11:25am Thursday 6th March 2003
By Gazette News Desk
FRESH impetus has been given to staging a world championship sports event in South Lakeland after organisers were about to "throw in the towel."
The Fell Running Association's uphill efforts to put on the prestigious World Mountain Running Trophy at Sedbergh in 2005 looked doomed to failure due to lack of support from funding bodies Sport England and UK Sport. They repeated their refusal to back any bid to stage the championships because fell running is not an Olympic or Commonwealth Games sport and did not have "sufficient strategic priority."
A crestfallen Dave Hodgson, who is financial controller for the event, that is expected to attract more than 5,000 athletes and spectators to the town, was on the point of calling it a day until receiving strong words of encouragement this week from the chairman designate of the soon-to-be-formed Cumbria Rural Regeneration Company.
The regeneration company has been set up with instructions from the North West Development Agency and Cumbria County Council to implement eight strategic objectives formulated to broaden the base of the rural economy following foot-and-mouth and one of those objectives is to promote recreation and tourism.
Charles Woodhouse, chairman designate of the regeneration company, that will start work in April, told The Westmorland Gazette he would do all within his power to encourage support for the world mountain running championships to be held in the Howgills.
He said the regeneration company might not be able to fund directly the £35,000 asked for by the Fell Running Association, but would be able to "open some doors" and "find the leverage" to unlock monies to put on the event, which has a £100,000 budget.
"I would think that we would want to encourage this bid and do all we can to help to get the event funded," said Mr Woodhouse, who is also a trustee of the UK Athletics Foundation and a personal friend of former Olympic athlete Dave Moorcroft, who is chief executive of UK Athletics.
"I would be very disappointed if this bid did not go ahead.
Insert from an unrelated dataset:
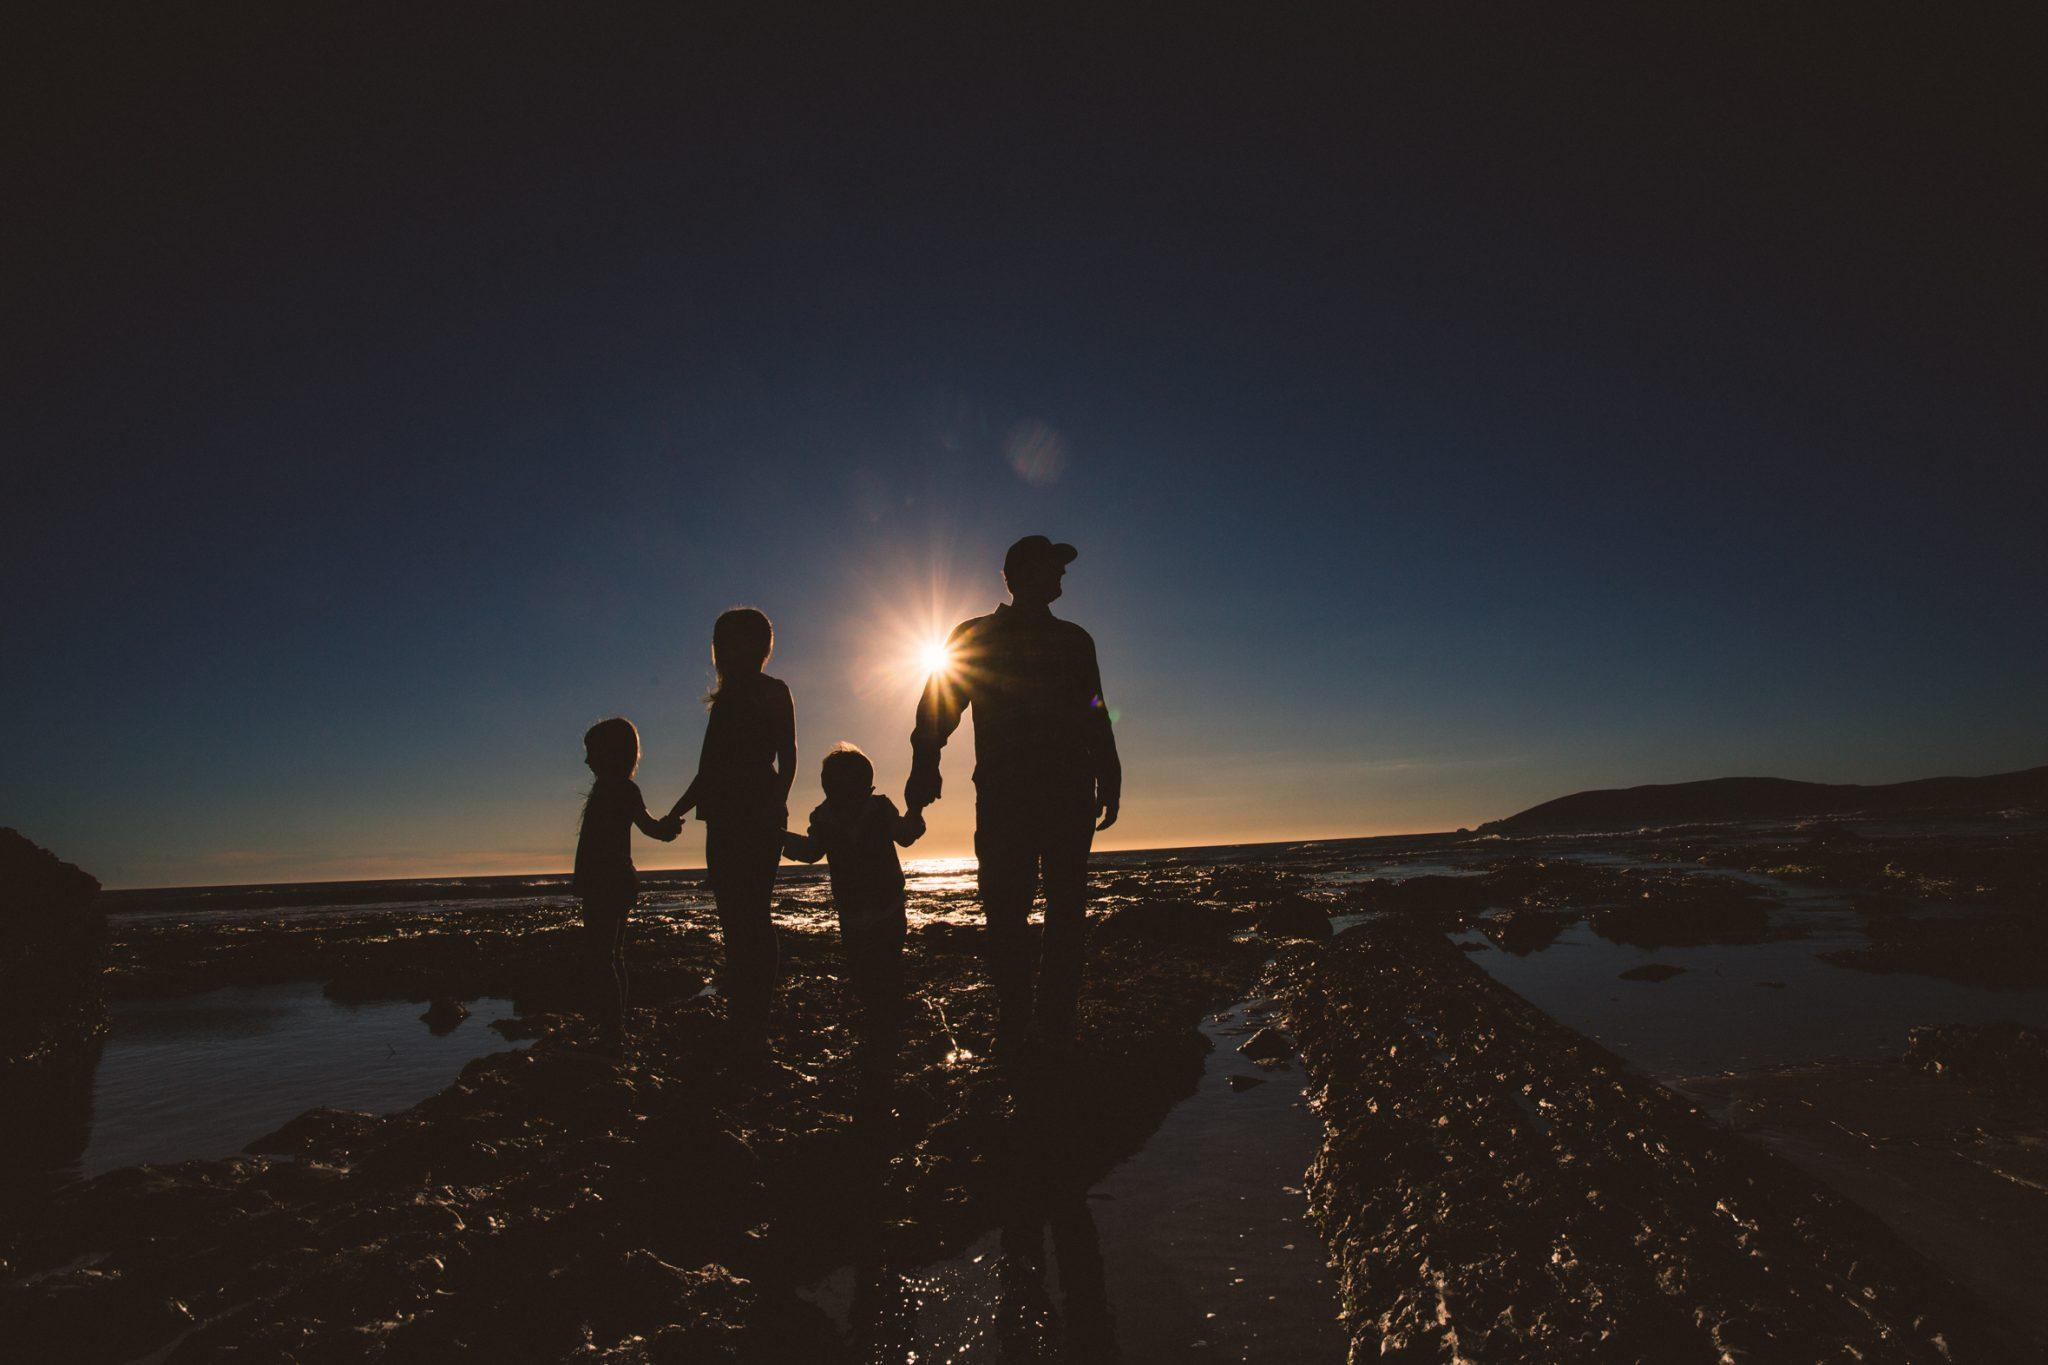 epic family photo
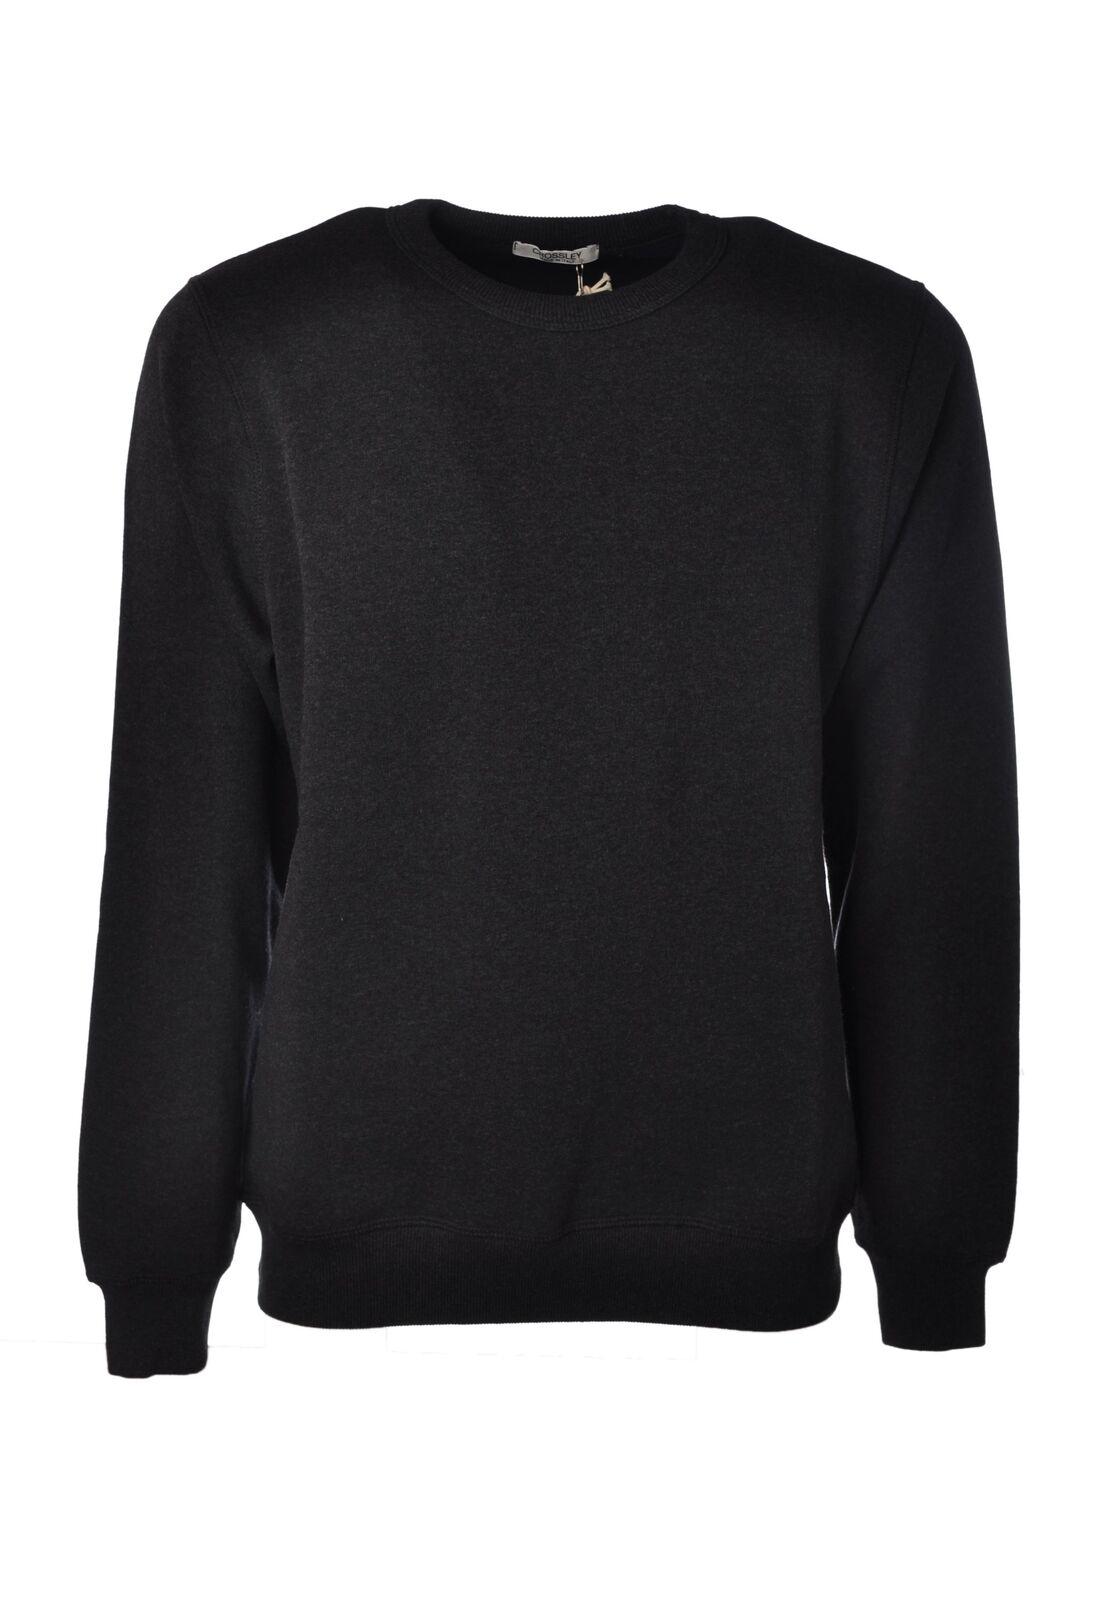 CROSSLEY  -  Sweaters - Male - Grau - 4088429A182336

It's a good bid. Fell running is strong in Cumbria and we ought to be supporting it. I think it's very disappointing that so far they have had some negative reaction."
Two years ago, the Fell Running Association had to shelve its bid to stage the championships at Sedbergh in 2003 because Sport England and UK Sport gave the same reasons for not supporting the event. And plans to stage the event at Sedbergh in 2001 were scuppered when the World Mountain Racing Association Council voted by 11 votes to 10 to put on the event in Italy.
Mr Hodgson said the championships would be centred on Sedbergh School, which would become an Olympic-style village for the athletes expected from more than 30 countries. He said the plan was to make the event a weekend festival of fell running and there would be an open race for non-international athletes.
Mr Hodgson, who lives in Leeds, said England would face competition to stage the event from New Zealand but was confident Sedbergh would win through. "I have been to 15 world mountain racing trophy events (they have been held recently in Malaysia, Austria, the Czech Republic and on Reunion Island) and nowhere have I been on courses as good as we have got in the Howgills," he said.